28.9Spring HillLEZAH::QUIRIYEspresso mornings, lasagna nightsSat Feb 16 1991 00:4265
    Spring Hill 
    432 Columbia Street
    Cambridge, MA 02141
    617-252-0905

    I attended one of their weekend workshops last week.  I think it's one 
    of the best things I've ever done for myself and I intend to go back,
    when the time is right.

    You can get a brochure by calling the office.  Workshop fees are on a
    sliding scale.  The weekend Opening the Heart workshops are held at 
    their center in Ashby, Mass.  (Just north of Fitchburg, Mass.  It's a
    beautiful place!)

    They have Opening the Heart workshops for: individuals; couples; adult 
    children of alcoholic and/or abusive parents; women survivors of sexual
    abuse; gays, lesbians, and bisexuals; men in recovery; sexual abuse 
    survivors and their partners; and many other specialty workshops.

    From the brochure:

    The Heart-Centered Approach

    "This approach recognizes love as the greatest healing force.  While we
    all want to love and be loved, anger, hurt, and fear often stand in our
    way.  The heart-centered approach looks to dissolve these blocks to our
    natural, loving selves.  To this end, we draw upon many different 
    techniques and traditions, all of which support the value of love and 
    personal truth.  The heart-centered approach calls us back to the 
    wisdom of the human heart, which is the ultimate source of our healing 
    and the key to our transformation."

    And...

    "What do we really want?  Most of us want love and acceptance.  We want
    to feel listened to and understood.  We want to feel more alive.  We 
    want to live in the moment.  We want to be more real.  We want 
    closeness, belonging, and community.

    Spring Hill is a psychological and spiritual growth center dedicated 
    to helping people fulfill these desires.  Through the nationally known 
    Opening the Heart workshop and our other activities, we help people to:
    resolve emotional issues that hinder them; cope with stress; build
    self-esteem; address spiritual concerns; improve communication and
    relationships; and live more authentically.

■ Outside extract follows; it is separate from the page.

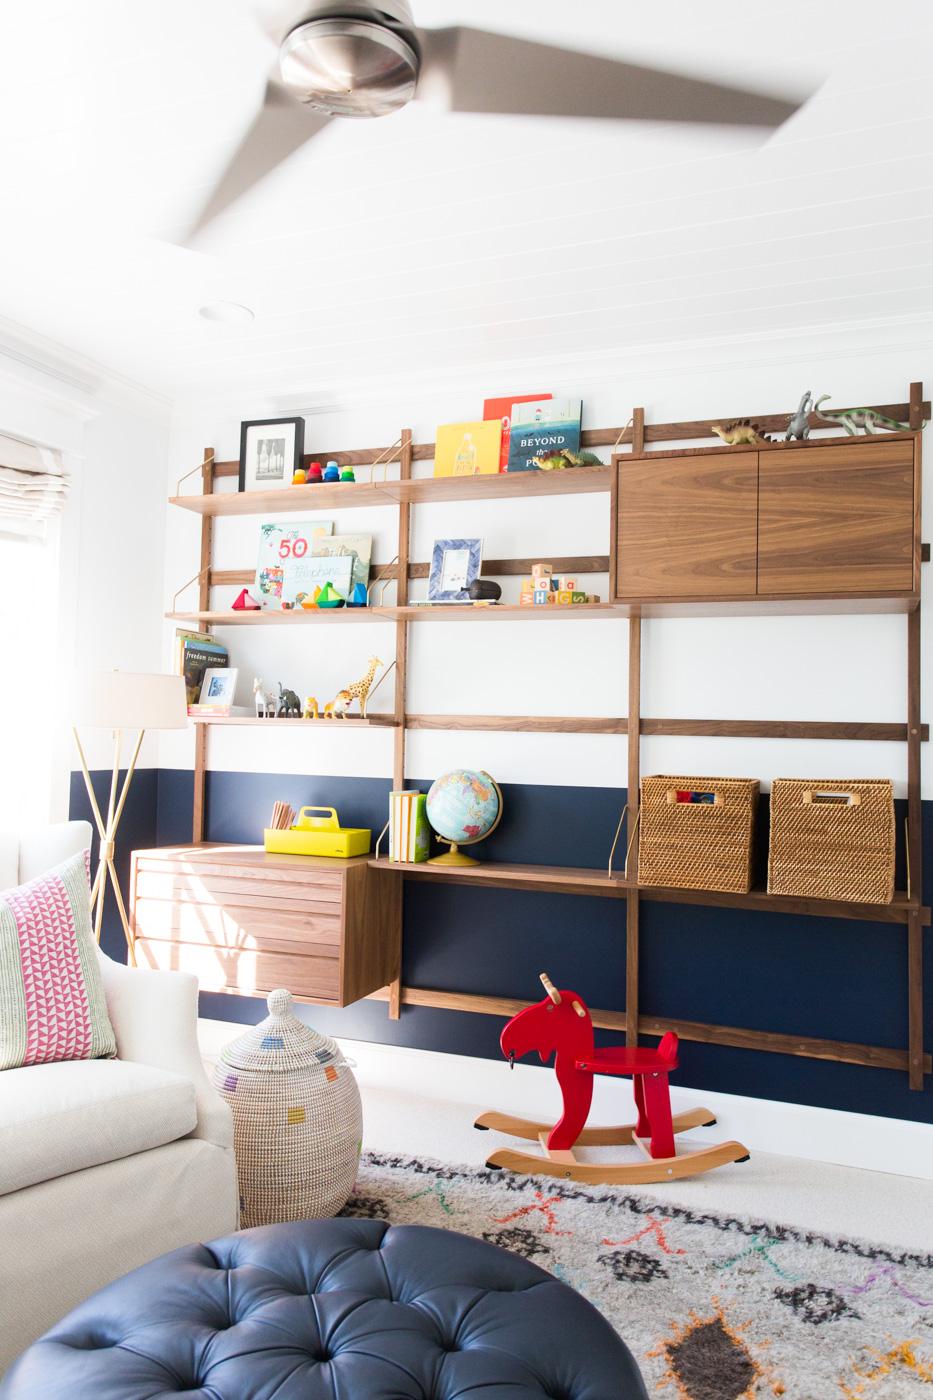 Navy+blue+half+wall+and+walnut+built-ins+||+Studio+McGee.jpg
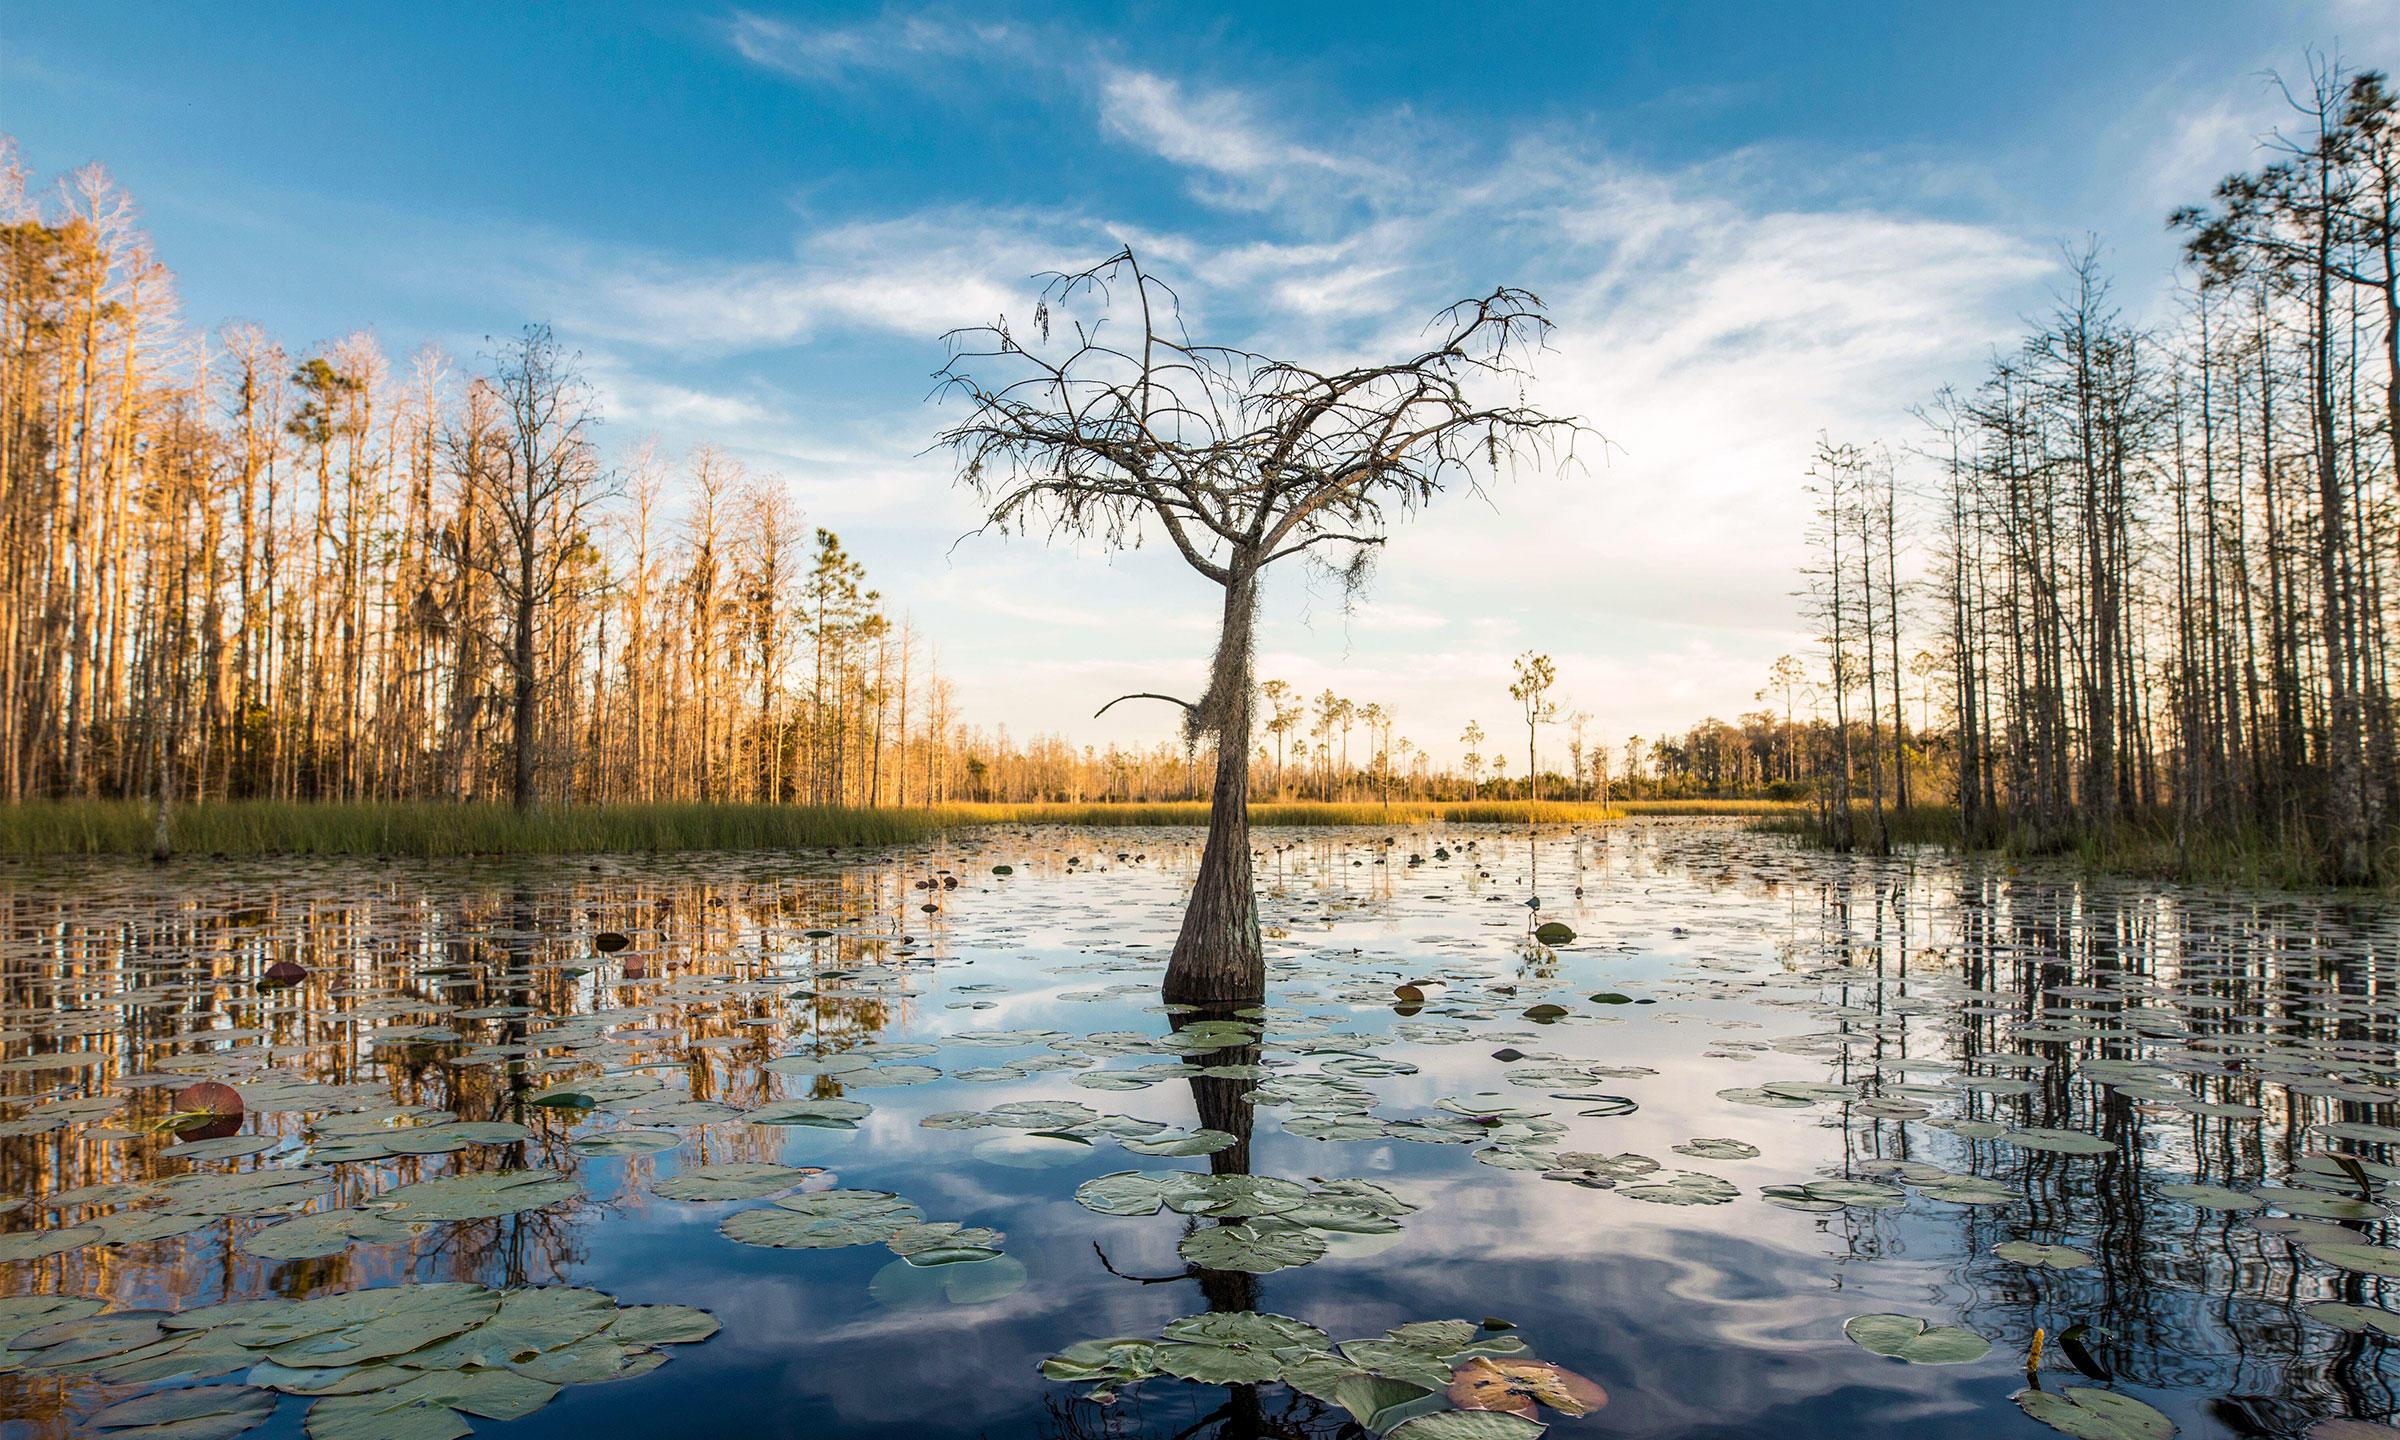 Okefenokee National Wildlife Refuge. John Wollwerth/Alamy

    In addition to the workshop, Spring Hill offers trainings, specialty 
    workshops, celebrations, ongoing support groups, mini-heart gatherings,
    and more.  We hope you'll join us in this community of the heart."

    You can "get a taste" of Spring Hill on the first Thursday of each 
    month.  From the brochure:

    "...On the first Thursday of each month, Spring Hill hosts an evening
    gathering for Spring Hill style singing, celebration, sharing, dancing,
    games, and more, led by staff members....Bring friends, a desert or 
    (non-alcoholic) drink to share, and $5 per person (suggested donation).
    The Cambridge evenings are slated for 8:00-10:30 p.m."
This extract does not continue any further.